Said Poppy as an afterthought, 'it's a reciprocal sentiment. We'll miss you, too. Not just because of your sprites, either.'

They chose a clear day to set out. The air smelled cold and crisp, and it made their breath form fine, misty clouds on the air. Peter and Jerry had done what they could to shovel out the front of the house and a little up the road, but it wasn't much. Now and then sun sent gouts of snow sloping off trees and onto the ground where it flowed seamlessly into the drifts. Lamia whickered uncertainty at navigating through the cold feather-down of the landscape, but Poppy charmed her into her place at the helm of the sleigh. Peter got out a wagon and arranged to go part of the way with them by snowshoe, because, as he said, there were things he'd need in the town anyway.

'You're just reluctant to leave your wee elven queens,' said Poppy. 'I consider myself thoroughly displaced.'

'Never Stitch,' said Peter, with a kiss for her cold, white fingers.

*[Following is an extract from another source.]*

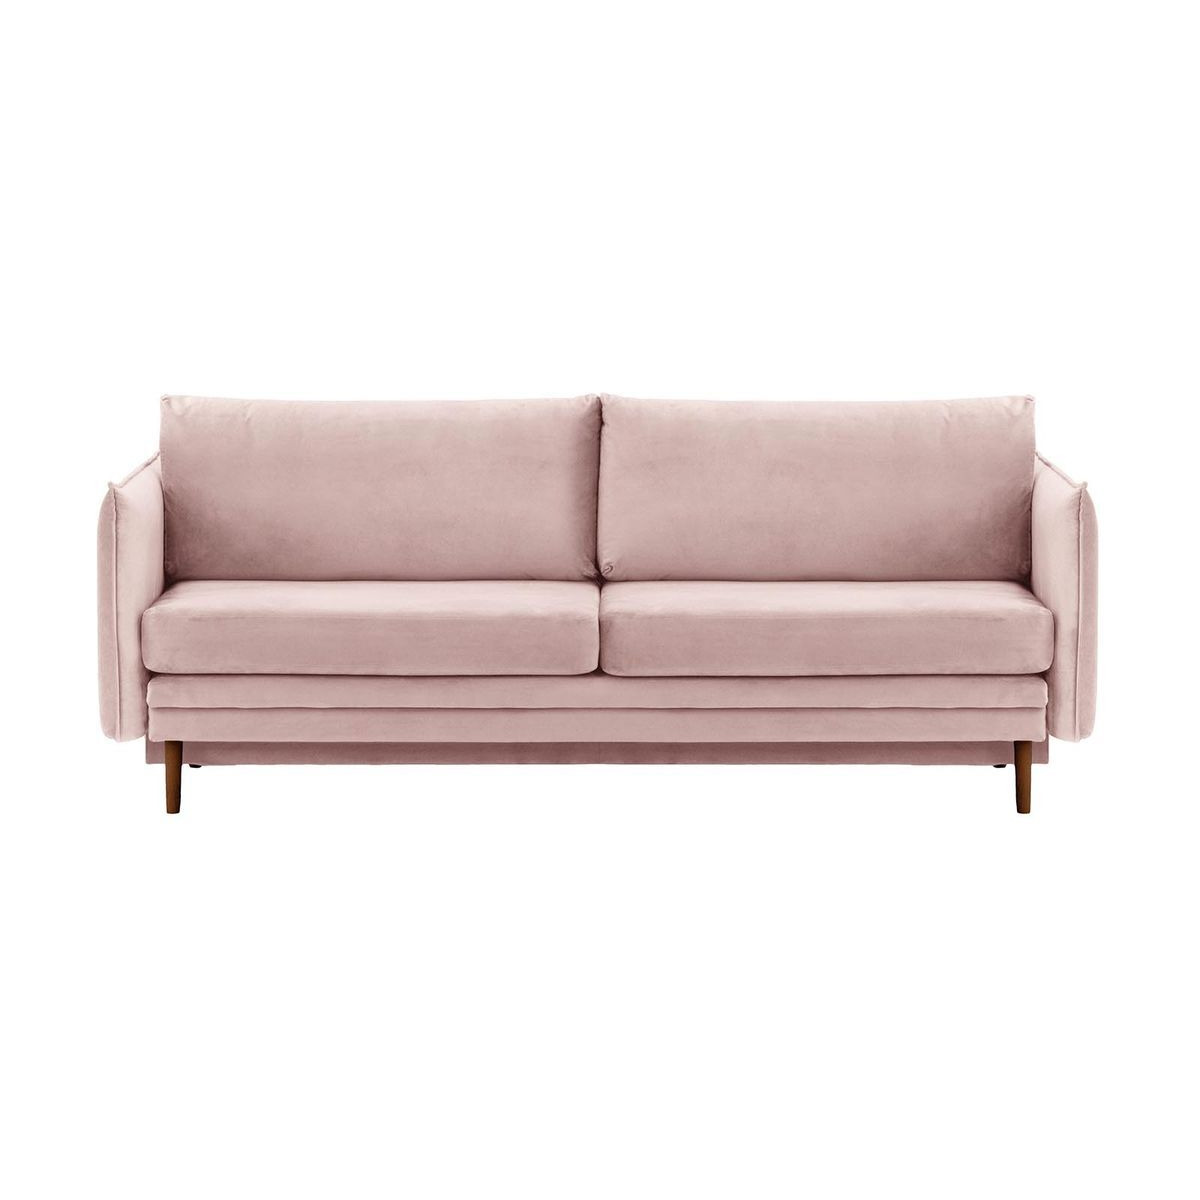 Nimbus Sofa Bed with Storage, lilac, Leg colour: dark oak - image 1

'It won't be for long,' said Nan.

'No,' Jerry said. 'There's Christmas coming, remember. They,' he nodded at the little girls, swaddled and blanketed within an inch of their little lives, 'will never let us forget it if we don't reconnect with you for that at least.'

'I should think not,' said Poppy.

The snow did not crunch this time; it did not so much as squeak. The sleigh slipped mute through the vast white sea of snowfall, and they were off to Crow Lake at last. It was heavy, slow-gong work, and Nan pulled her girls close for warmth in the face of the exposed landscape. Peter kept steady pace with them, snowshoes schluffing through the white velvet lace of the snow. At the crossroads that parted them, Peter pointed the way with one great, beaver-lined mitt. Nan cradled her daughters to her and followed his finger norward to where a cardinal winged like a lone scarlet streamer, and the crows called out a welcome. If she squinted, Nan could just make out the shadow of the lake, it's outline against the bruise of the conifers. It was the end of the world. The place time forgot. Cold, snow-buried and deeply, achingly beautiful. And for a little while, Nan thought, Miri and Mandy burrowed under one maternal arm apiece, it would be home. Crow Lake at last. She raised Peter a final salute and the last sound as they pulled out of sight was his 'Haste ye back!' arm waving madly.